拥有CentOS7服务器版环境
jdk1.8
hadoop2.7.3
能ping通外网,例如:
ping baidu.com
如果ping不通,可以修改如下文件:
vi /etc/sysconfig/network-scripts/ifcfg-ens33
将ONBOOT=no
改为ONBOOT=yes
重启网络或重启机器
重启网络
systemctl restart network
重启机器
reboot
将主机名从localhost改为node1,操作过程如下:
[root@localhost ~]# hostname localhost.localdomain [root@localhost ~]# hostnamectl set-hostname node1 [root@localhost ~]# hostname node1 未重启时主机名未变 [root@localhost ~]# reboot ... Connecting to 192.168.193.140:22... Connection established. To escape to local shell, press 'Ctrl+Alt+]'. WARNING! The remote SSH server rejected X11 forwarding request. Last login: Tue Mar 8 00:55:08 2022 from 192.168.193.1 [root@node1 ~]# 重启后,命令行中的主机名改变了
因为root用户权限太高,误操作可能造成一些麻烦,一般情况下,我们不会用root来安装hadoop,所以我们需要创建普通用户来安装hadoop。创建新用户方法如下:
创建新用户,例如用户名为:hadoop,并设置新用户密码,重复设置2次,看不到输入的密码,这是linux的安全机制,输入即可。

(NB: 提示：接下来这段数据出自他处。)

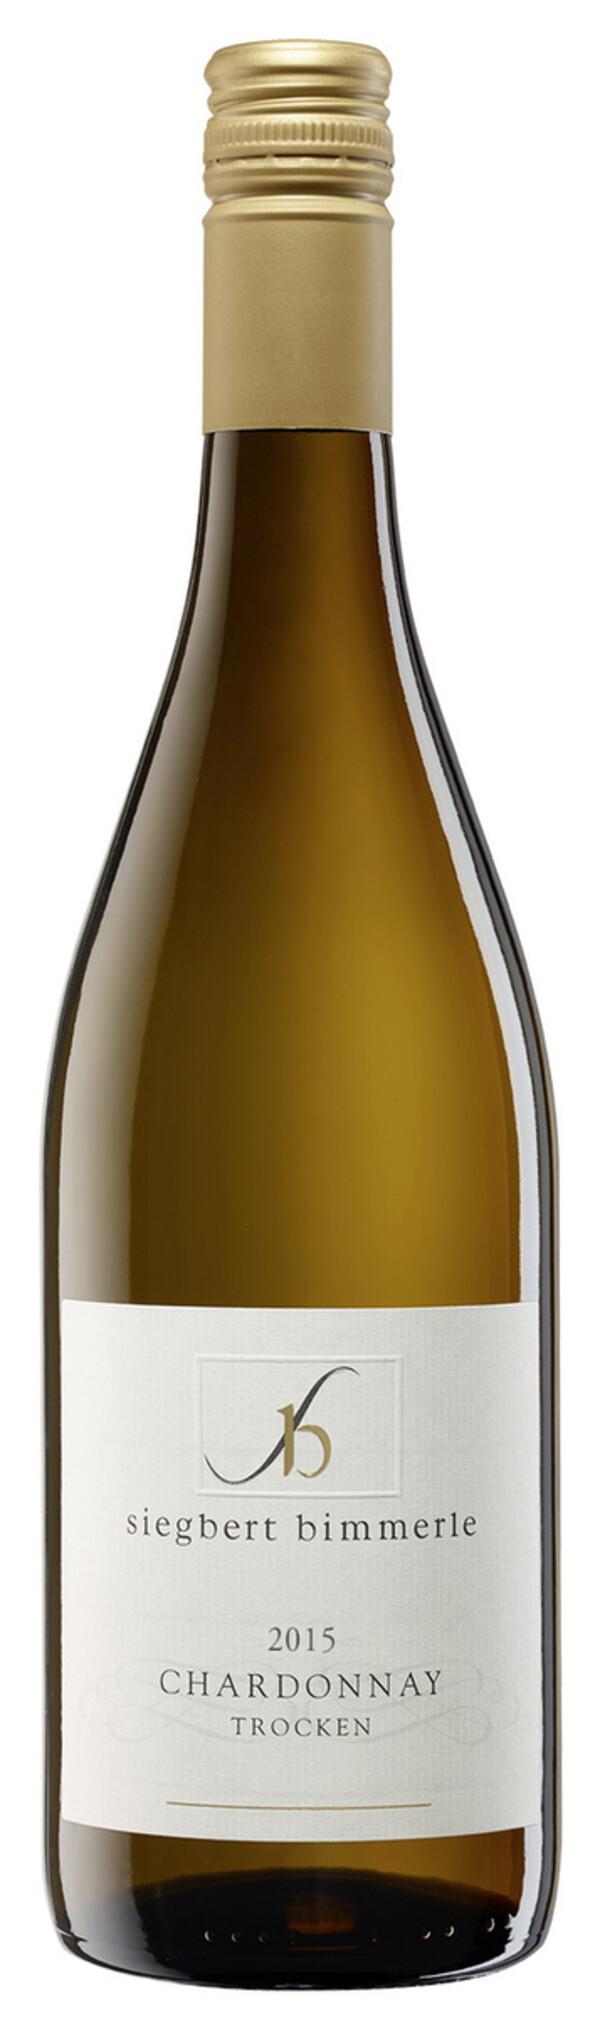 Siegbert Bimmerle Chardonnay Weißwein trocken 2018 0,75 ltr

[root@node1 ~]# adduser hadoop [root@node1 ~]# passwd hadoop Changing password for user hadoop. New password: BAD PASSWORD: The password is shorter than 8 characters Retype new password: passwd: all authentication tokens updated successfully.
给普通用户添加sudo执行权限
[root@node1 ~]# chmod -v u+w /etc/sudoers mode of ‘/etc/sudoers’ changed from 0440 (r--r-----) to 0640 (rw-r-----) [root@node1 ~]# sudo vim /etc/sudoers 在%wheel ALL=(ALL) ALL一行下面添加如下语句: hadoop ALL=(ALL) ALL [root@node1 ~]# chmod -v u-w /etc/sudoers mode of ‘/etc/sudoers’ changed from 0640 (rw-r-----) to 0440 (r--r-----)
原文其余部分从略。